Опубликовано в журнале Знамя, номер 1, 2002
Аннушка предпочитает рафинированное
Наль Подольский. Книга Легиона. Роман. “Октябрь”, 2001, № 7.
INFERNO FICTION — так несколько невнятно. Как по большому счету невнятна вся продукция из разряда “демонического чтения”. Вернее, Чтений, которые надо бы окрестить пятничными и организовывать непременно 13 числа в декорациях мейерхольдовского “Балаганчика”: на сцене — блоковское Мистическое Собрание… Вся мировая литература опутана готической паутиной. На библиотечных полках — летучие мыши, на письменном столе — иеронимовский сувенир: череп. Вампиры охотятся за девственницами, последний потомок крестоносного рода расследует историю семейного проклятия (случайные, несовременные карточки инферно-каталога, о новейшем материале после). Тут карикатура. Но вообще-то все так: INFERNO FICTION, или тексты о зле запредельном (ибо все-таки мистика беллетристического разлива интересуется одним только злом и даже во зле заинтересована) — своего рода Школа. Автор или гений или некая Юденич (новомодная глянцевая штучка) — а принцип повествования един, и выбор ходов ограничен, и персонажи, как в телесериале, — кальки, точнее кальки калек.
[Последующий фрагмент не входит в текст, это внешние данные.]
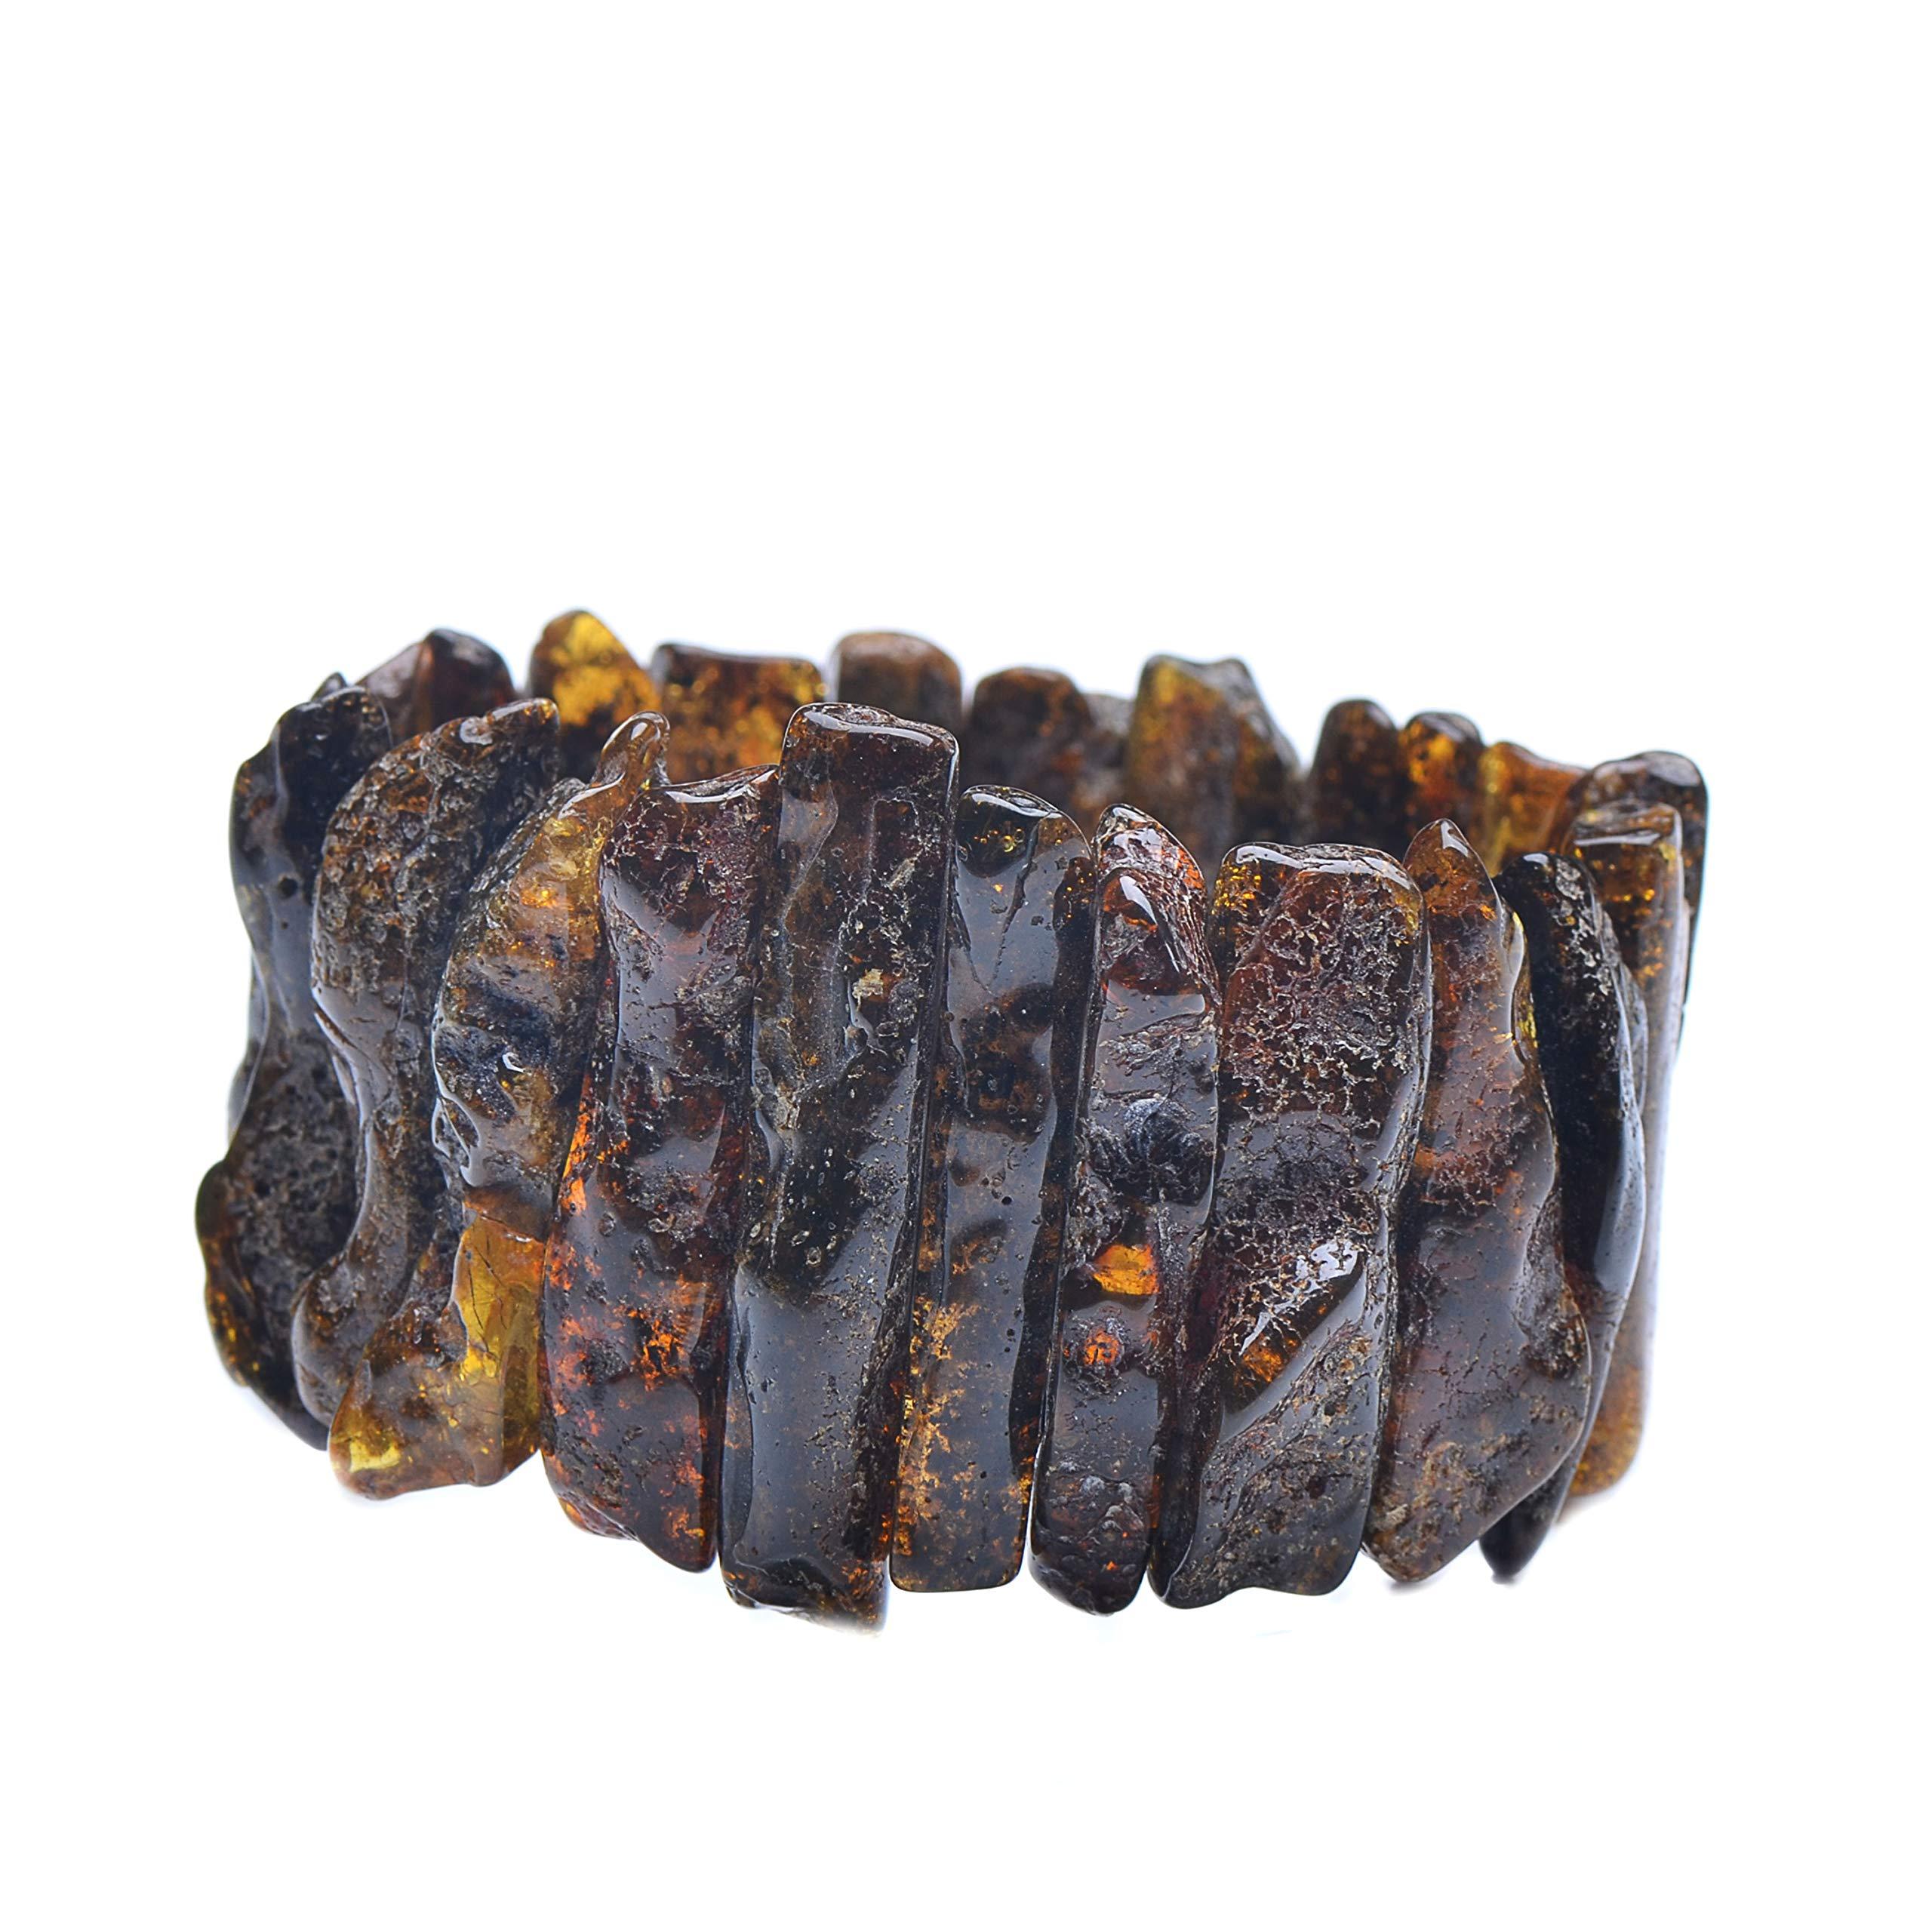 Massive Amber Bracelet - Unique Amber Bracelet - Exclusive Amber Bracelet - Amber Bracelet by Genuine Amber (Image #3)

Но, безусловно, есть канон. И канон этот, как ни странно, национален. А что тут странного? Великий и ужасный фольклор, диктующий характеры-ситуации. Там Дракула (несмотря на славянское происхождение — чистый Запад), здесь — Вурдалак, лишенный амбиций викторианского коллеги, заурядный упырь из афанасьевского сборника… Лишенный амбиций? И, действительно, загнул немного.
В ХХ веке все изменилось, и положа руку на сердце считаю НАШИМ каноном “Князя Тьмы” Михаила Булгакова (я так оригинальничаю). По другую сторону (уж не знаю чего — океана? …?) под лозунгом “Я научу вас Фрейда любить!” расположился Стивен Кинг и Ко. Я о тиражах, но не только о тиражах.
“Книга Легиона” начинается старомодно: “…от ощущения странности всего сущего, если уж таковое возникает, человек не волен отмахнуться”. Намечу основные сюжетные крепления романа. Впрочем, пускай Наль Подольский сам отдувается, а я буду, как паук готический (“черная вдова”, не иначе), комментарий плести. Кто чего не поймет — милости просим в журнальчик заглянуть.
Речь идет о прокуратуре Адмиралтейского района города Санкт-Петербурга и Маргарите Климовне Софроновой, среди коллег и подследственных известной под прозвищем Марго… “Смутившая ее покой история началась… Некий безработный научный сотрудник свел счеты с жизнью, вскрыв себе вены… Мотивов для самоубийства не было… Постепенно подобных дел накопилось более двух десятков, Марго пыталась их систематизировать… Один и тот же телефонный номер обнаружился у двух разных людей (самоубийц. — Л.Ш.)… Телефон принадлежал некой Ларисе Паулс, незамужней, с высшим образованием. Род занятий — предприниматель, акционер и член совета директоров солидного страхового общества”.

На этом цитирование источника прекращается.